Quando morreu, a 3 de Junho de 2019, a autora de A Sibila e Vale Abraão, Dentes de Rato e Fanny Owen, entre muitos outros títulos, foi recordada como um “mistério literário” com um “génio” perante o qual o Presidente da República “se curvou”. Esta quinta-feira, que calha ser feriado, as Galveias recebem o crítico literário e poeta Pedro Mexia, a família de Agustina e o presidente da câmara, Fernando Medina, para o descerrar da placa.

“A nossa ideia é que isto seja o começo de alguma coisa, que desperte o interesse para Agustina e para a sua obra, como também possa despertar, dentro da própria câmara, a vontade de ter iniciativas para dar a conhecer Agustina. Que não se fique só pelo descerrar de uma lápide”, deseja Assunção Cristas.

Mónica Baldaque, que no princípio deste ano publicou o diário familiar Sapatos de Corda, congratula-se por haver “muita gente nova, muita mesmo, a descobrir Agustina e a interessar-se por ela de uma forma perfeitamente nova, já sem os preconceitos dos mais velhos”. Para isso tem contribuído, acredita, a reedição da obra da mãe pela Relógio d’Água e a procura dos seus livros para adaptações cinematográficas. “Os novos estão na primeira linha.”

Já sem a presença física de Agustina – que aliás comentava que eram mais os que a conheciam do que aqueles que liam o seu trabalho – “fica a obra e isso é que realmente é fundamental para o conhecimento de um pensamento”, sublinha Mónica Baldaque. “É como dizia o meu pai: a obra de Agustina só daqui a 100 anos é que vai ser verdadeiramente valorizada e conhecida.”

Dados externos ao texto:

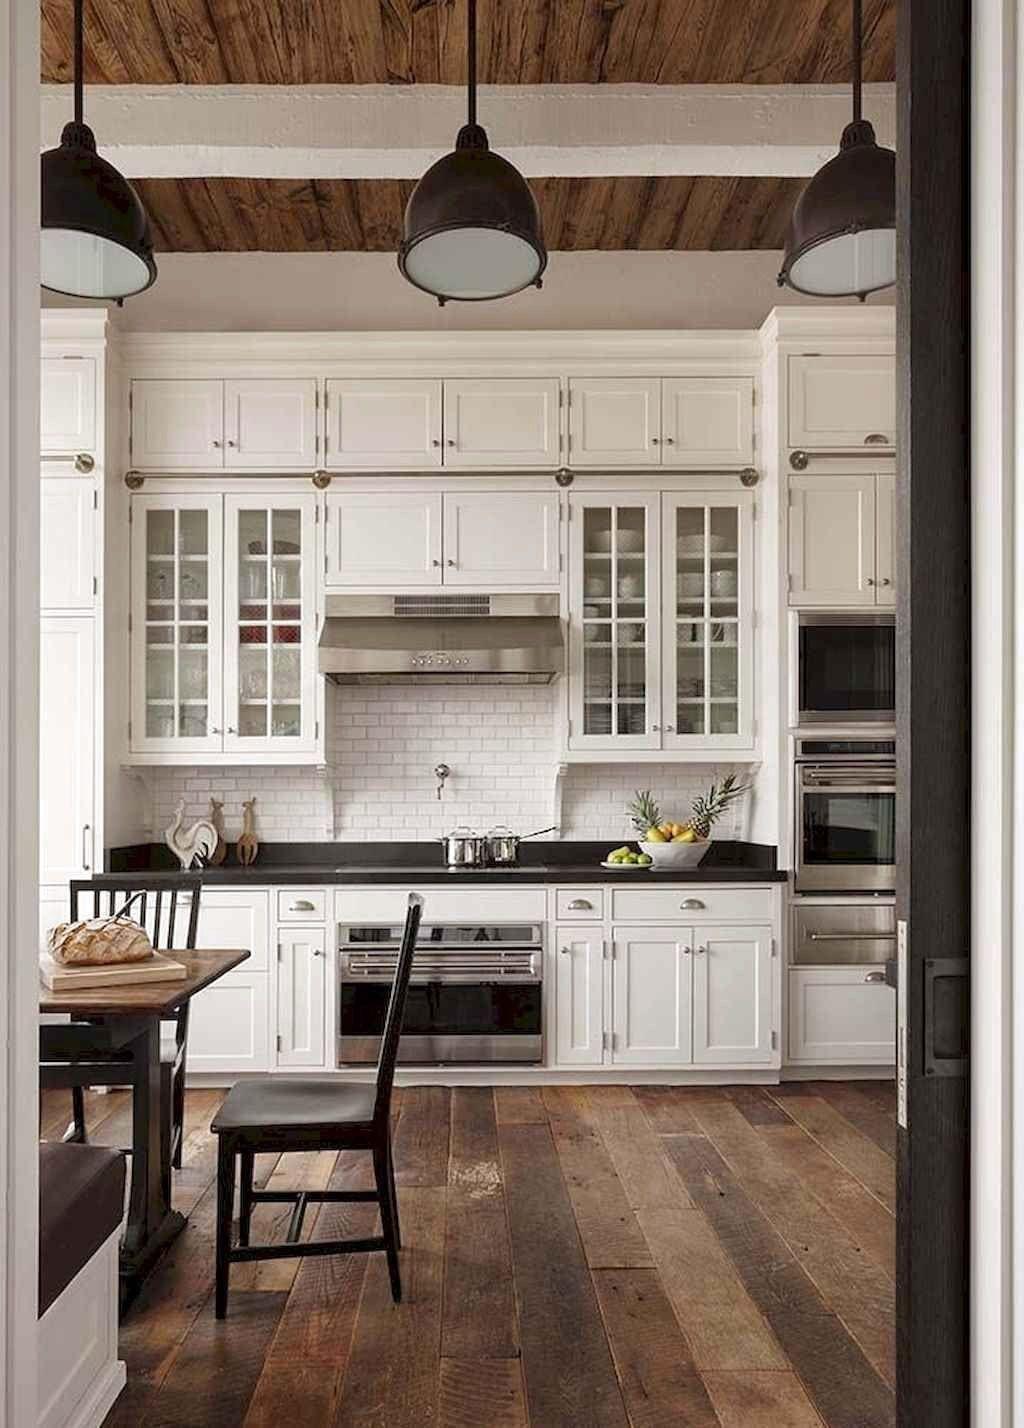 20+ Crative Farmhouse Kitchen Design Ideas For Fun Cooking To Try #farmhousekitchencolors

Assunção Cristas concorda: “O grande tempo da obra de Agustina é o que está para vir.” E arrisca que “vai ser uma autora muitíssimo valorizada quando as novas gerações se aperceberem das temáticas que aborda, nomeadamente a centralidade que a mulher tem em toda a sua obra.” A vereadora do CDS acredita que esse poderá ser “um ângulo interessante de descoberta”, especialmente “numa altura em que continuamos a precisar muito de olhar atentamente para as mulheres, para o que fazem, para o que podem fazer, para o que não nos deixam fazer, para a forma como muitas vezes são subalternizadas na sociedade.”

“Os tempos mudam, é verdade, mas a alma não muda”, resume Mónica Baldaque. “A grande preocupação de Agustina é o conhecimento da alma e é isso que vai permanecer.” Sobre o centenário que se avizinha não tem dúvidas: “Fazer-lhe uma festa de anos em Lisboa vai ser muito bonito.”